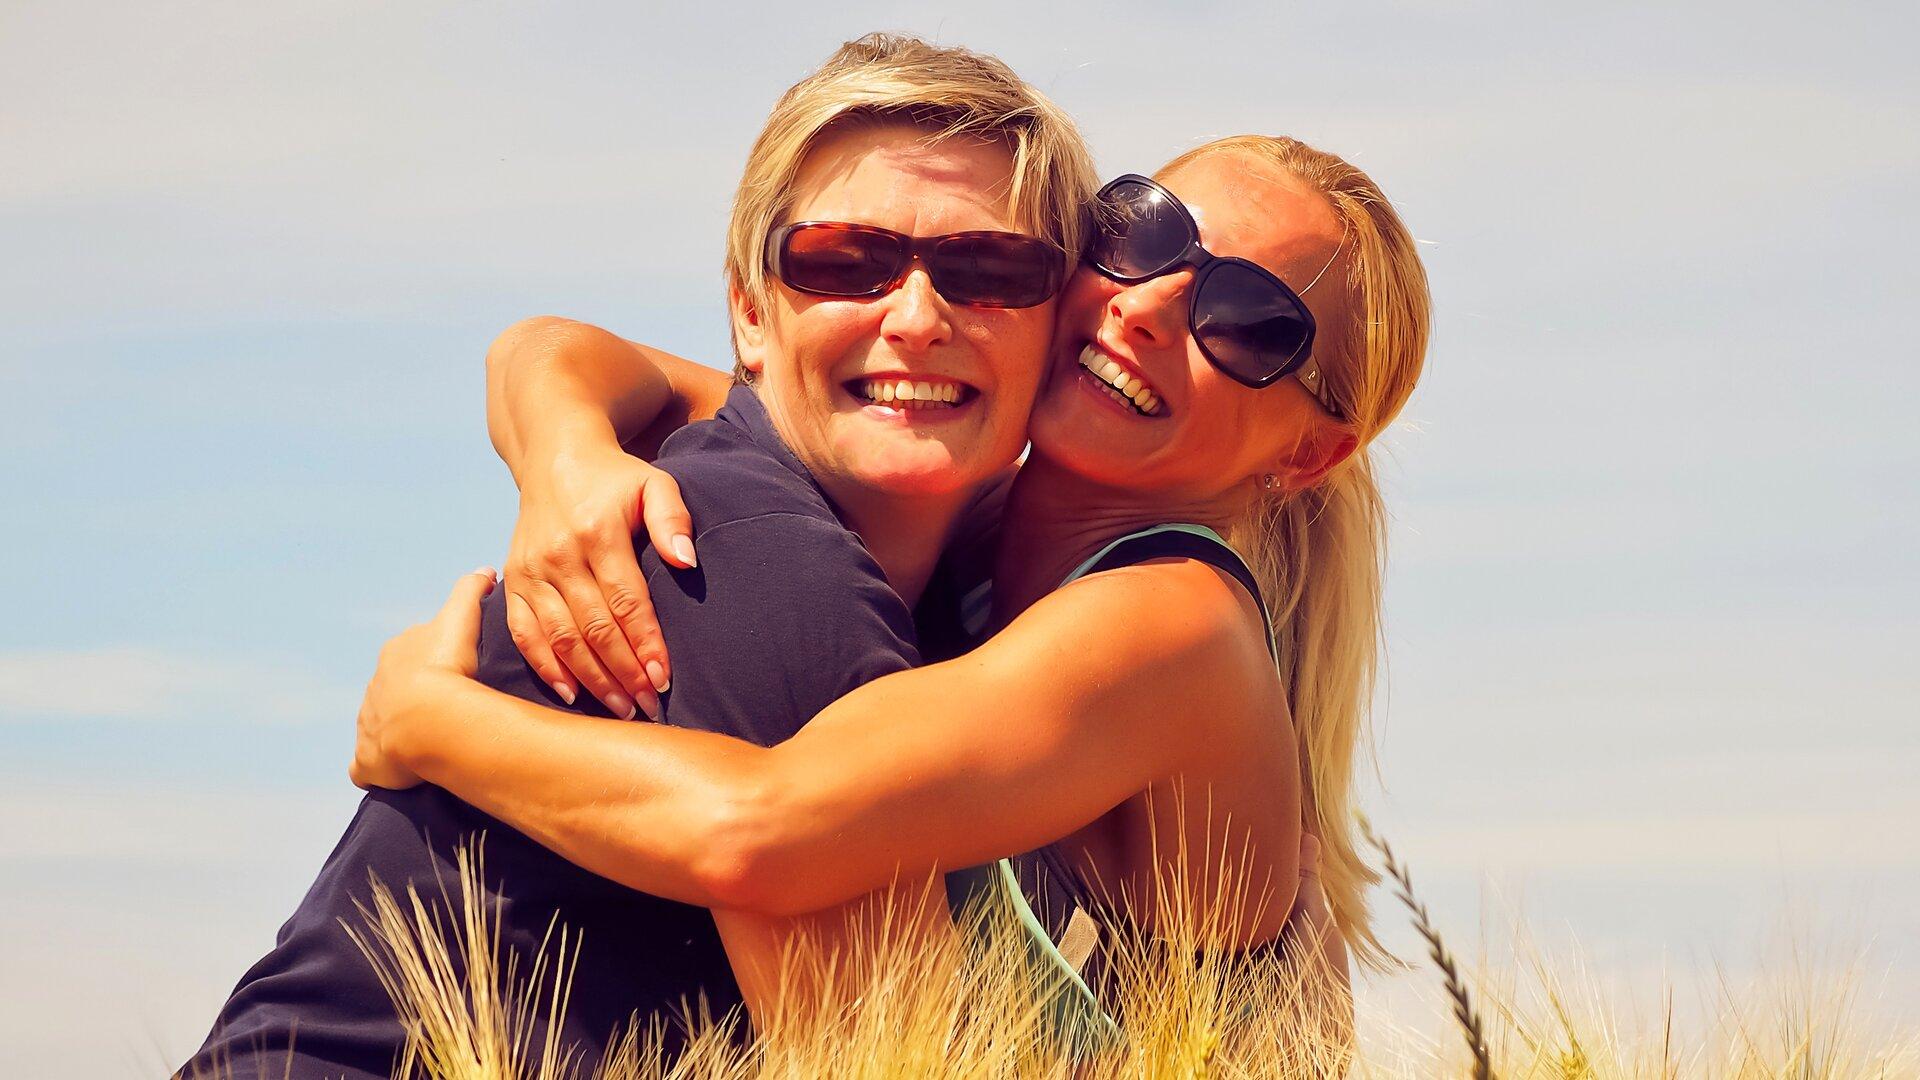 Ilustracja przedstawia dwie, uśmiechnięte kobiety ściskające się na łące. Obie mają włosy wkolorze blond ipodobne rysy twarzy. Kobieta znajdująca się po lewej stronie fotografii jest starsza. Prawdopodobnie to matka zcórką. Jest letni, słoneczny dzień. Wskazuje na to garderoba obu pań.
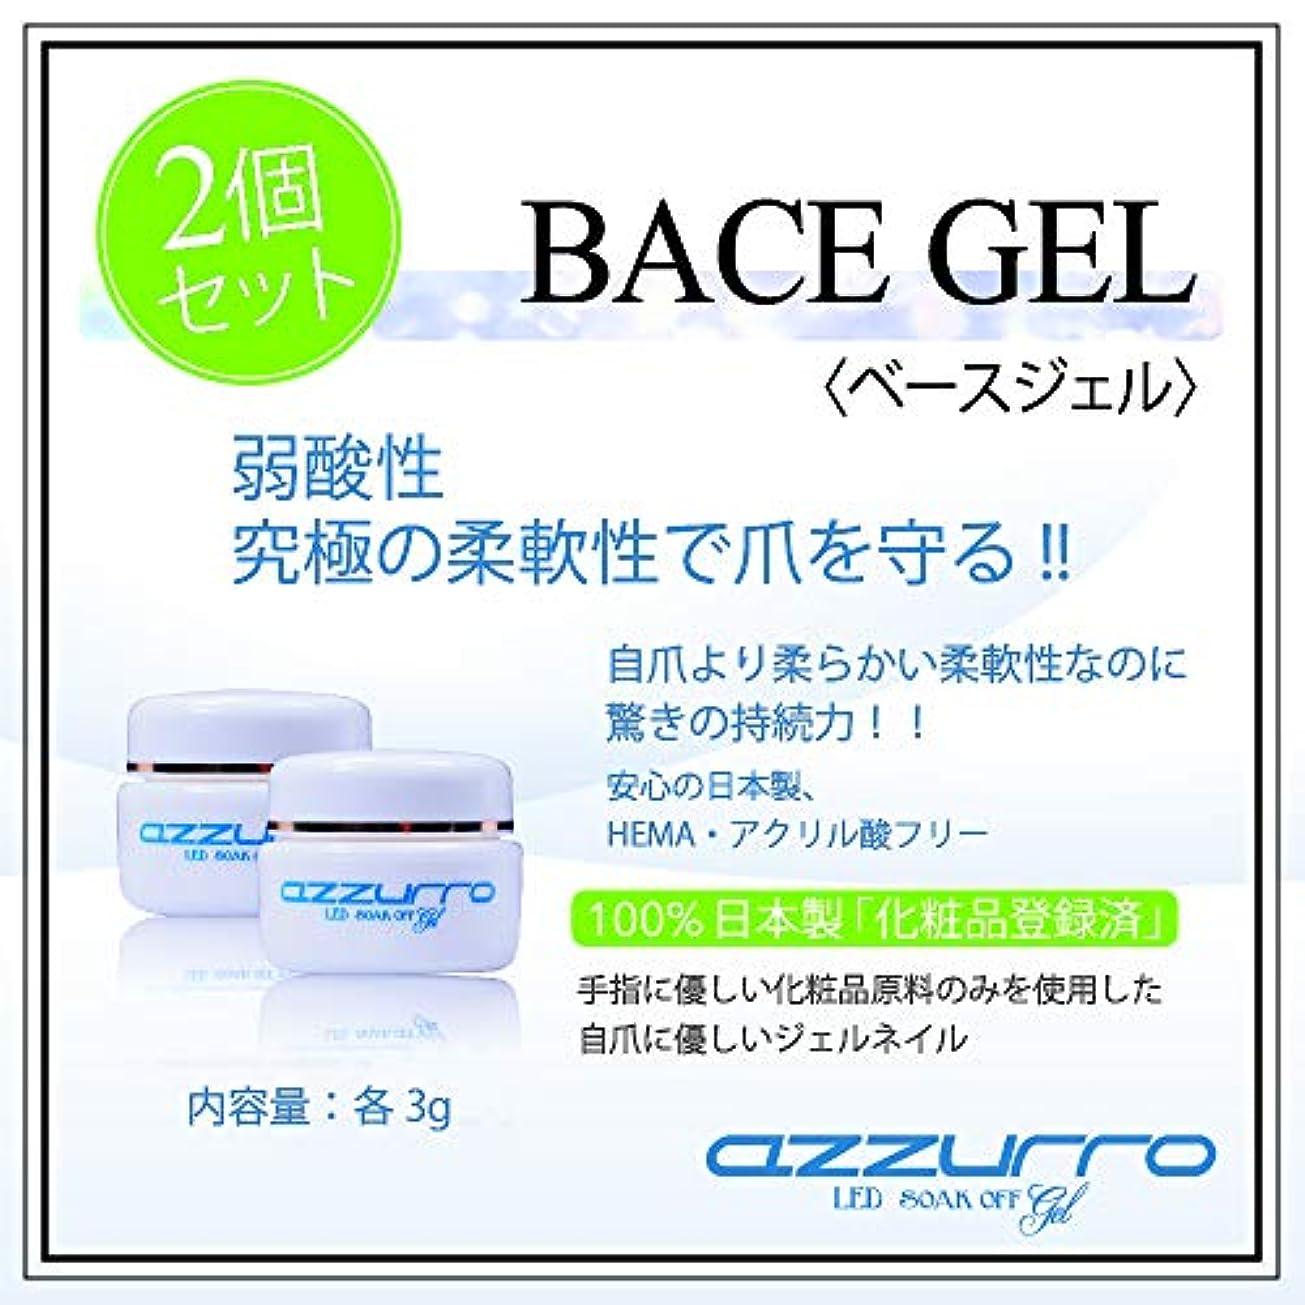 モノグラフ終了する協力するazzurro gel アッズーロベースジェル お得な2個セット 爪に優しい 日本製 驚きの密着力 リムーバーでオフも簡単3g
---+---
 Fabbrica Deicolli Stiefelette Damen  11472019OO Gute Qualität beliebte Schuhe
---+---
### Directions
In the listing above, find the line with "Ilustracja przedstawia dwie, uśmiechnięte" and the line with "モノグラフ終了する協力するazzurro gel アッズーロベースジェル". Copy exactly those two and every line between, without the pictures.

### The completed task
 Ilustracja przedstawia dwie, uśmiechnięte kobiety ściskające się na łące. Obie mają włosy wkolorze blond ipodobne rysy twarzy. Kobieta znajdująca się po lewej stronie fotografii jest starsza. Prawdopodobnie to matka zcórką. Jest letni, słoneczny dzień. Wskazuje na to garderoba obu pań.
 モノグラフ終了する協力するazzurro gel アッズーロベースジェル お得な2個セット 爪に優しい 日本製 驚きの密着力 リムーバーでオフも簡単3g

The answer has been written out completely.